Over the last few years I have been involved in reviewing the architectures of various companies that are building or have built big data solutions. When I say “big data”, I’m referring to the incorporation of semi-structured data such as sensor data, device data, web logs, and social media. The architectures generally fall into four scenarios:
Enterprise data warehouse augmentation
This scenario uses an enterprise data warehouse (EDW) built on a RDBMS, but will extract data from the EDW and load it into a big data hub along with data from other sources that are deemed not cost-effective to move into the EDW (usually high-volume data or cold data). Some data enrichment is usually done in the data hub. This data hub can then be queried, but primary analytics remain with the EDW. The data hub is usually build on Hadoop or NoSQL. This can save costs since storage using Hadoop or NoSQL is much cheaper than an EDW. Plus, this can speed up the development of reports since the data in Hadoop or NoSQL can be used right away instead of waiting for an IT person to write the ETL and create the schema’s to ingest the data into the EDW. Another benefit is it can support data growth faster as it is easy to expand storage on a Hadoop/NoSQL solution instead of on a SAN with an EDW solution. Finally, it can help by reducing the number of queries on the EDW.
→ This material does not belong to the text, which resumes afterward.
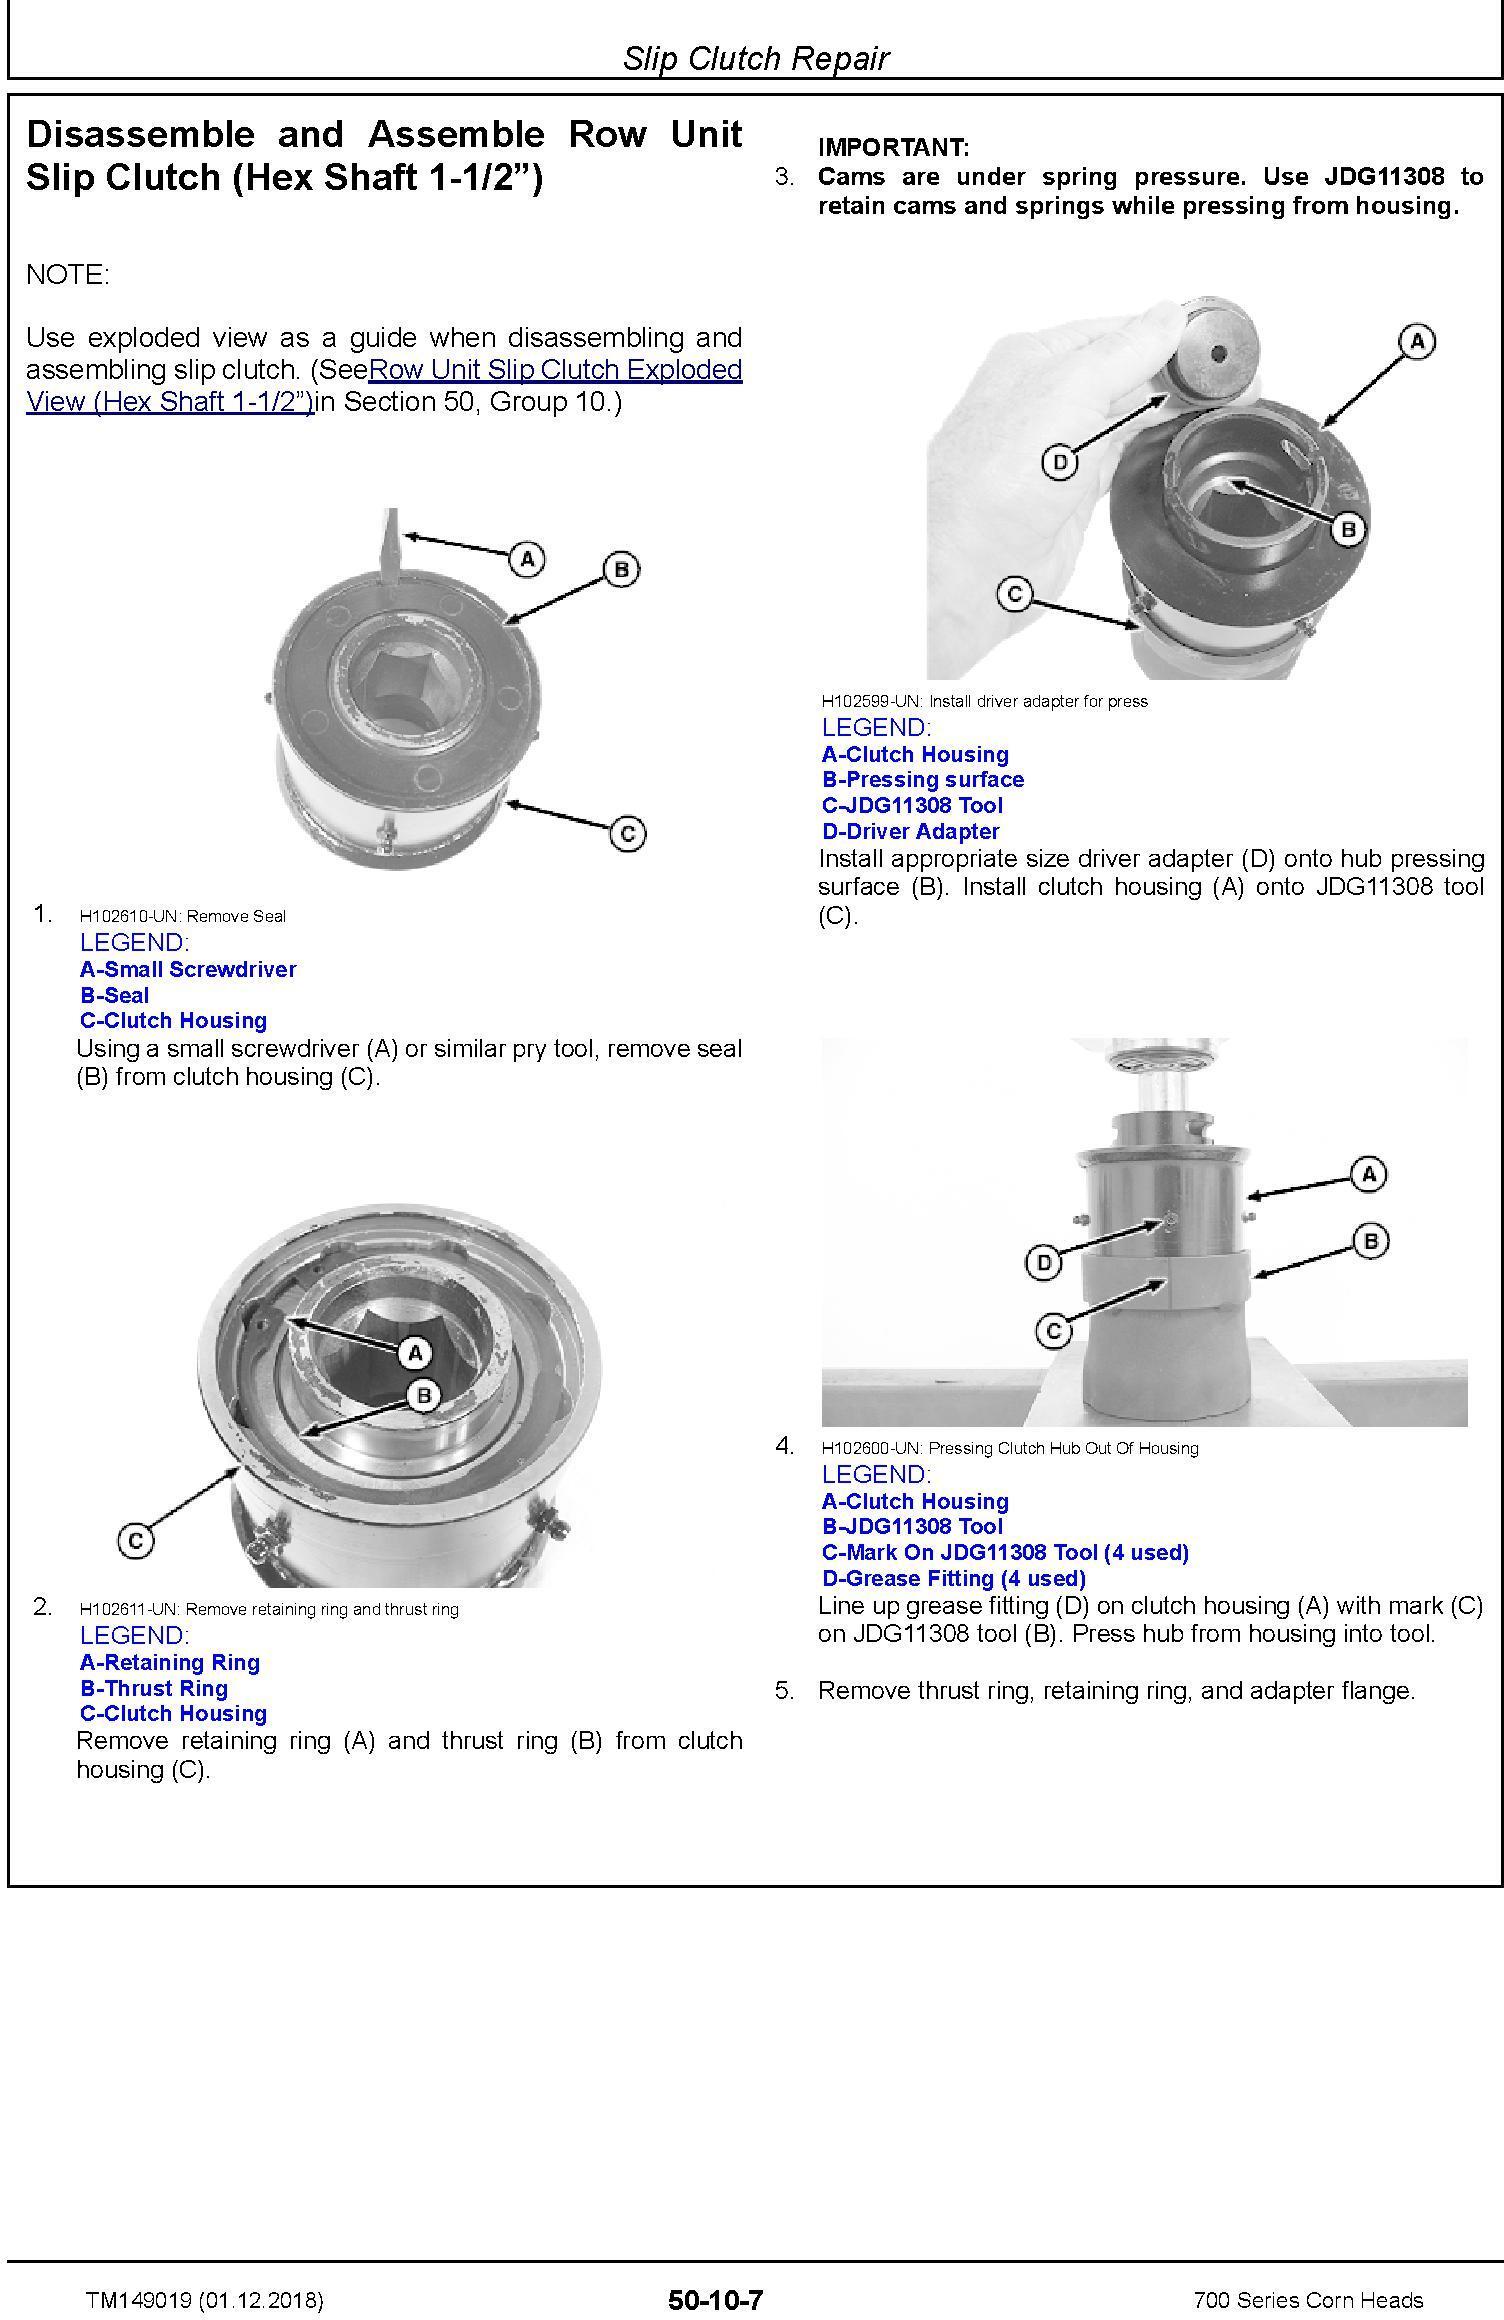 JD John Deere 706C, 708C, 712C, 712FC, 716C, 718C Corn Heads Repair Technical Service Manual (TM149019) - 1

This scenario is most common when a EDW has been in existence for a while and users are requesting data that the EDW cannot handle because of space, performance, and data loading times.
The challenges to this approach is you might not be able to use your existing tools to query the data hub, as well as the data in the hub being difficult to understand and join and may not be completely clean.
Data hub plus EDW
The data hub is used as a data staging and extreme-scale data transformation platform, but long-term persistence and analytics is performed in the EDW. Hadoop or NoSQL is used to refine the data in the data hub. Once refined, the data is copied to the EDW and then deleted from the data hub.
This will lower the cost of data capture, provide scalable data refinement, and provide fast queries via the EDW. It also offloads the data refinement from the EDW.
A distributed data system is implemented for long-term, high-detail big data persistence in the data hub and analytics without employing a EDW. Low level code is written or big data packages are added that integrate directly with the distributed data store for extreme-scale operations and analytics.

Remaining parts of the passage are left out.